Theorem 3.6 Given n Bernoulli trials with probability \(p\) of success on each experiment, the probability of exactly \(j\) successes is
\[b(n, p, j) = \bigg ( \begin{matrix} n\\ j \end{matrix} \bigg ) p^jq^{n-j} \\ where \space q = 1 - p.\]
First let’s look Baumgartner’s implied assumption that if the students all flipped coins there will be no exam with two or fewer answers correct.
\[n = 340\]
To calculate \(p\) we must sum the possible permutations of getting 0 success of 10 trials, 1 success of 10 trials, and 2 successes of 10 trials, and divide this sum by the total possible subsets from 10 elements.
\[ p = \frac{\bigg ( \begin{matrix} 10\\ 0 \end{matrix} \bigg ) + \bigg ( \begin{matrix} 10\\ 1 \end{matrix} \bigg ) + \bigg ( \begin{matrix} 10\\ 2 \end{matrix} \bigg )}{2^{10}} = \frac{56}{1024}\] \[j = 0\]

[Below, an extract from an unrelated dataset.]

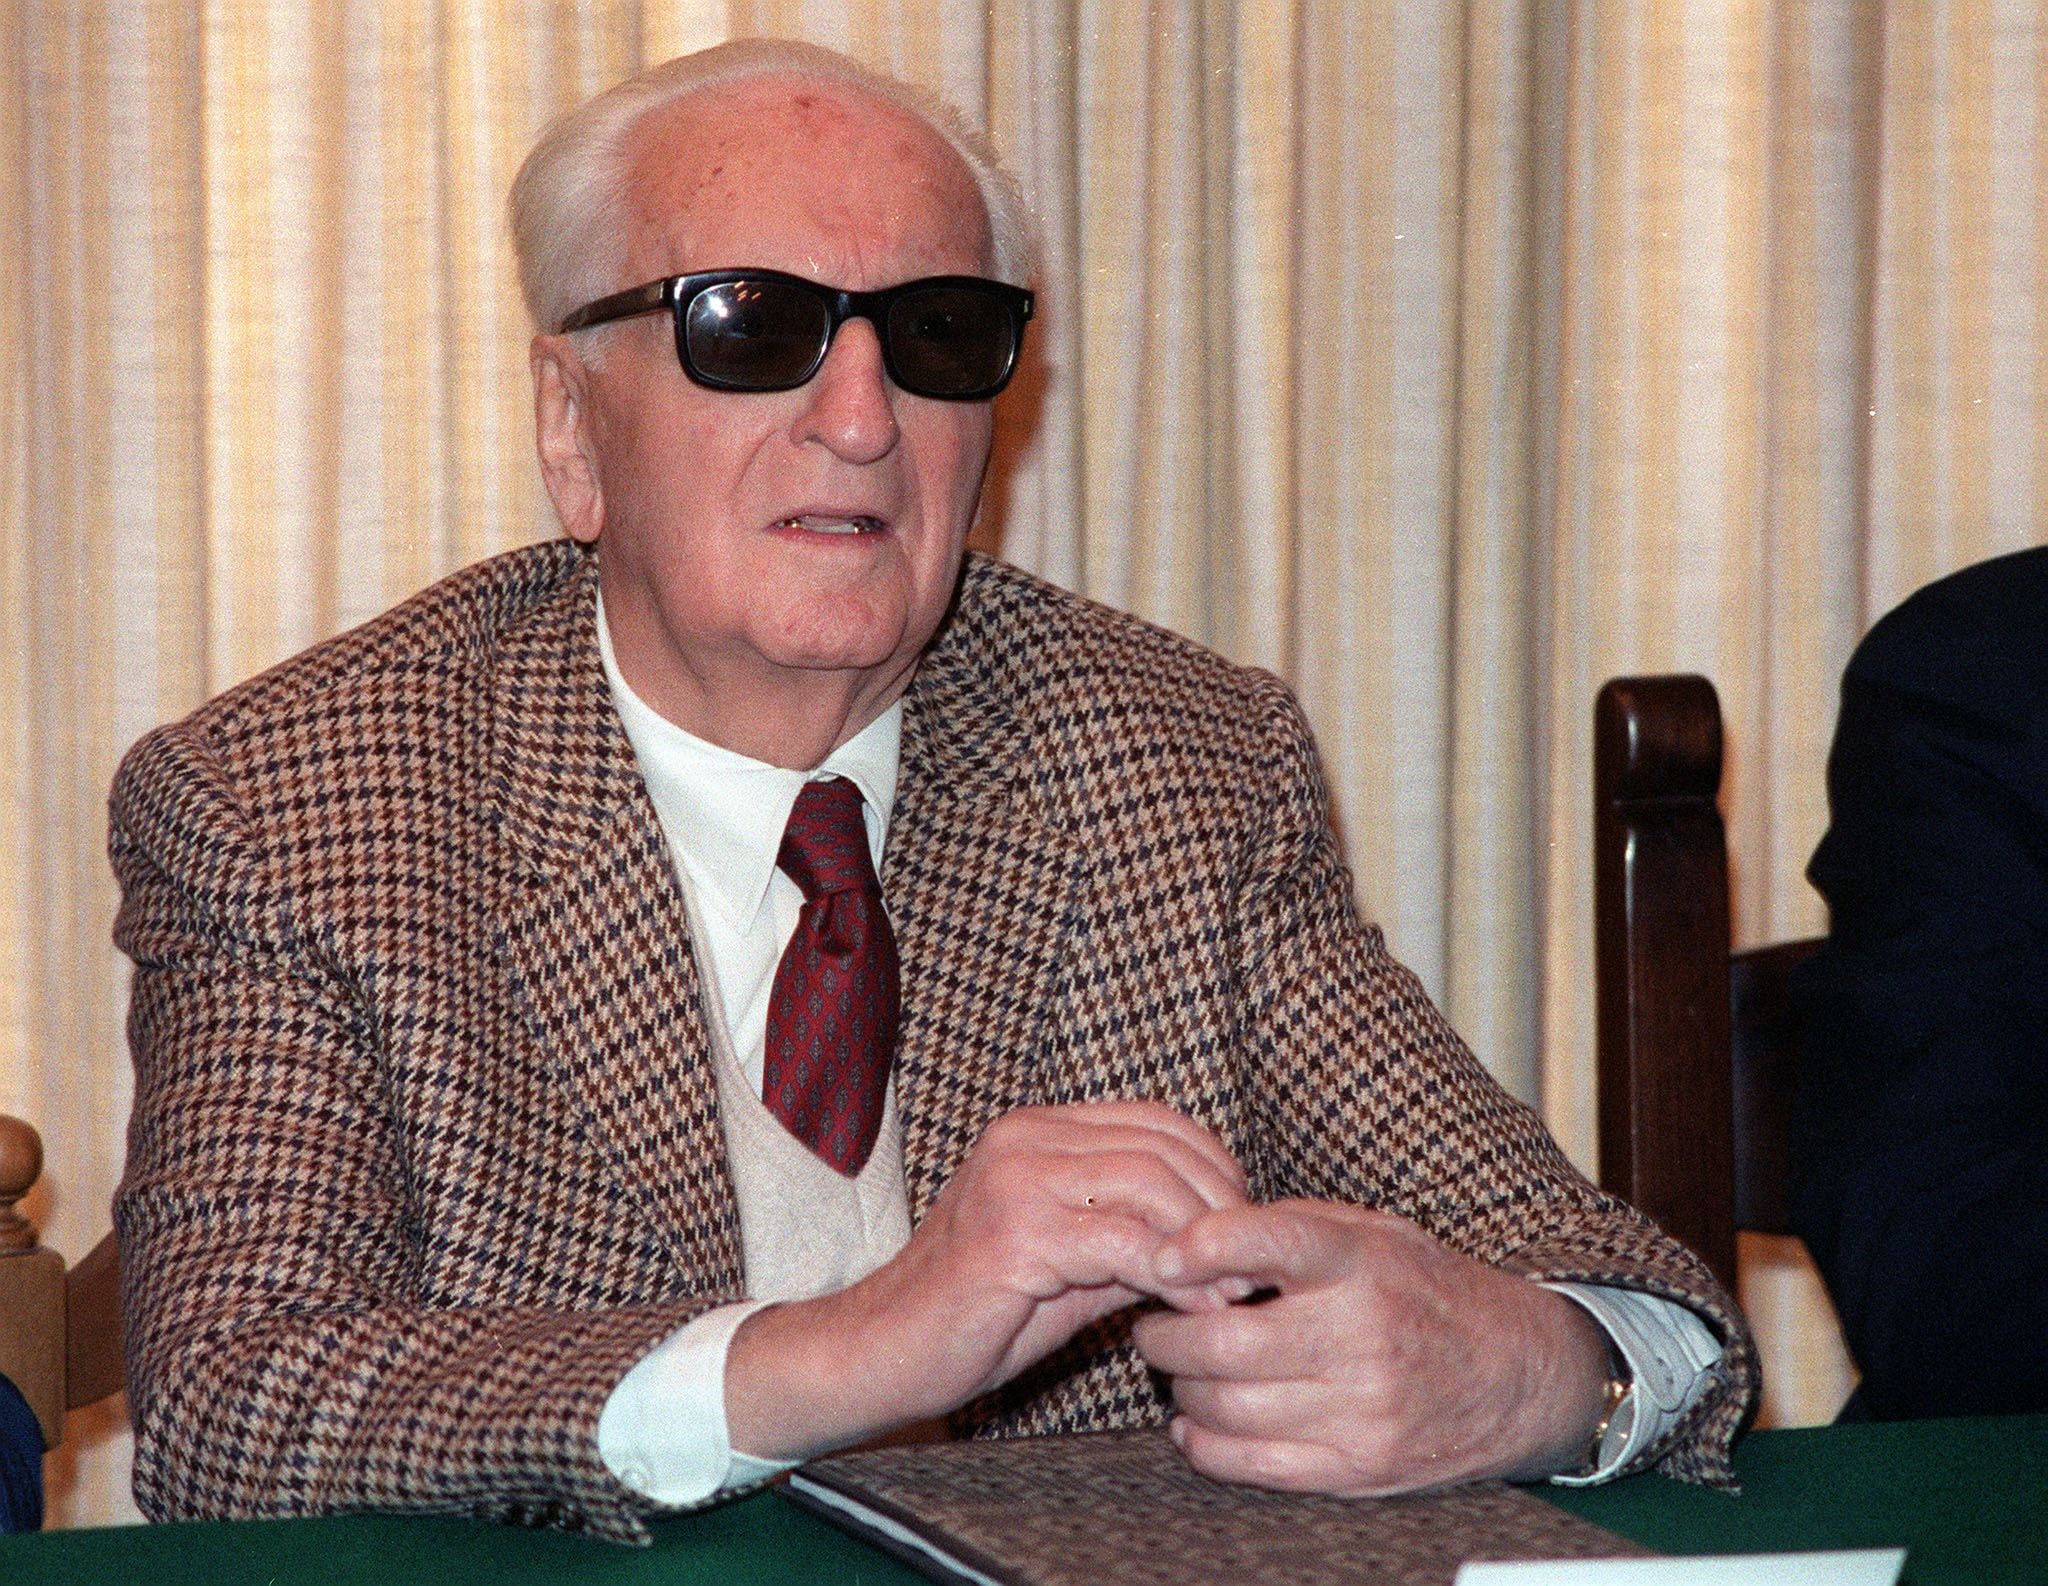 Un ritratto del 17 marzo 1987 a Maranello durante una conferenza stampa. Enzo Ferrari muore il 14 agosto 1988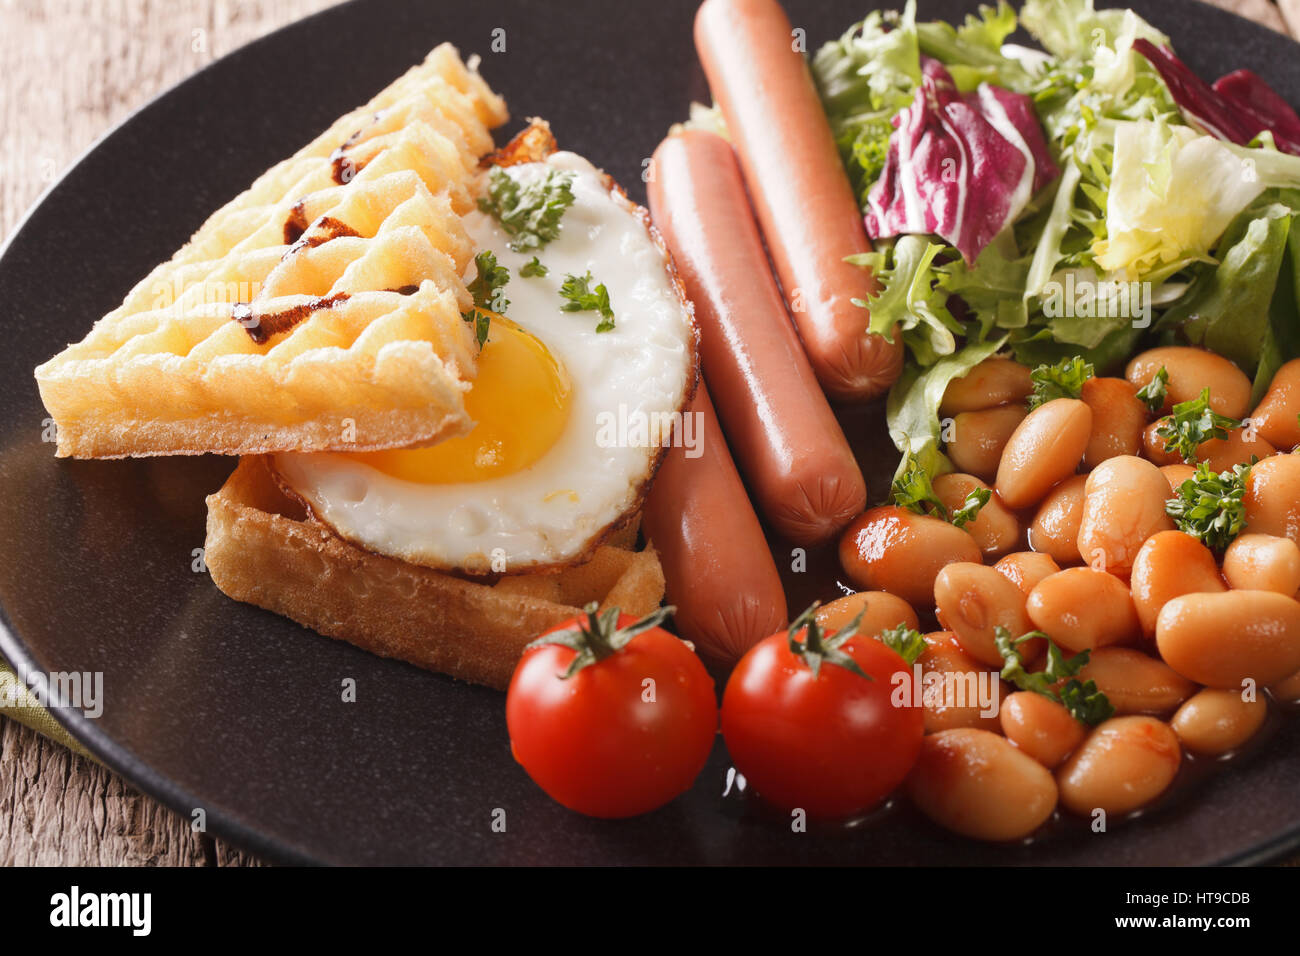 La deliziosa prima colazione: uovo fritto, cialde, salsicce, fagioli e insalata di close-up su una piastra orizzontale. Foto Stock

\[b(340, \frac{56}{1024}, 0) = \bigg ( \begin{matrix} 340\\ 0 \end{matrix} \bigg ) \frac{56}{1024}^0\frac{968}{1024}^{340} = 4.961765e-09\]
It seems that it is almost improbable that there will no exams with two or fewer correct answers if all 340 students flipped a coin. So Baumgartner is wrong.
Now let’s look at Crowell’s claim that there will be atleast one exam with all incorrect answers.
To reduce the computational workload with factorials, I will use the opposite of this claim by saying that there will be no exam with zero correct answers if they all guessed. If there is a high probability of getting zero correct answers then it would not be reasonable to expect atleast 1 exam with zero correct answers.
\[n = 340\]
To calculate \(p\) we must find the possible permutations of getting zero success of ten trials and divide it by the total possible subsets from 10 elements.
\[ p = \frac{\bigg ( \begin{matrix} 10\\ 0 \end{matrix} \bigg ) }{2^{10}} = \frac{1}{1024}\]
\[j = 0\]
\[b(340, \frac{1}{1024}, 0) = \bigg ( \begin{matrix} 340\\ 0 \end{matrix} \bigg ) \frac{1}{1024}^0\frac{1023}{1024}^{340} = 0.7173485\]
It seems that Crowell is wrong to expect at least one exam with all incorrect answers. Ofcourse this depends on your threshold for expectation.
Only Prosser is correct in expecting at least 1 one exam with two or fewer correct answers if they all guessed!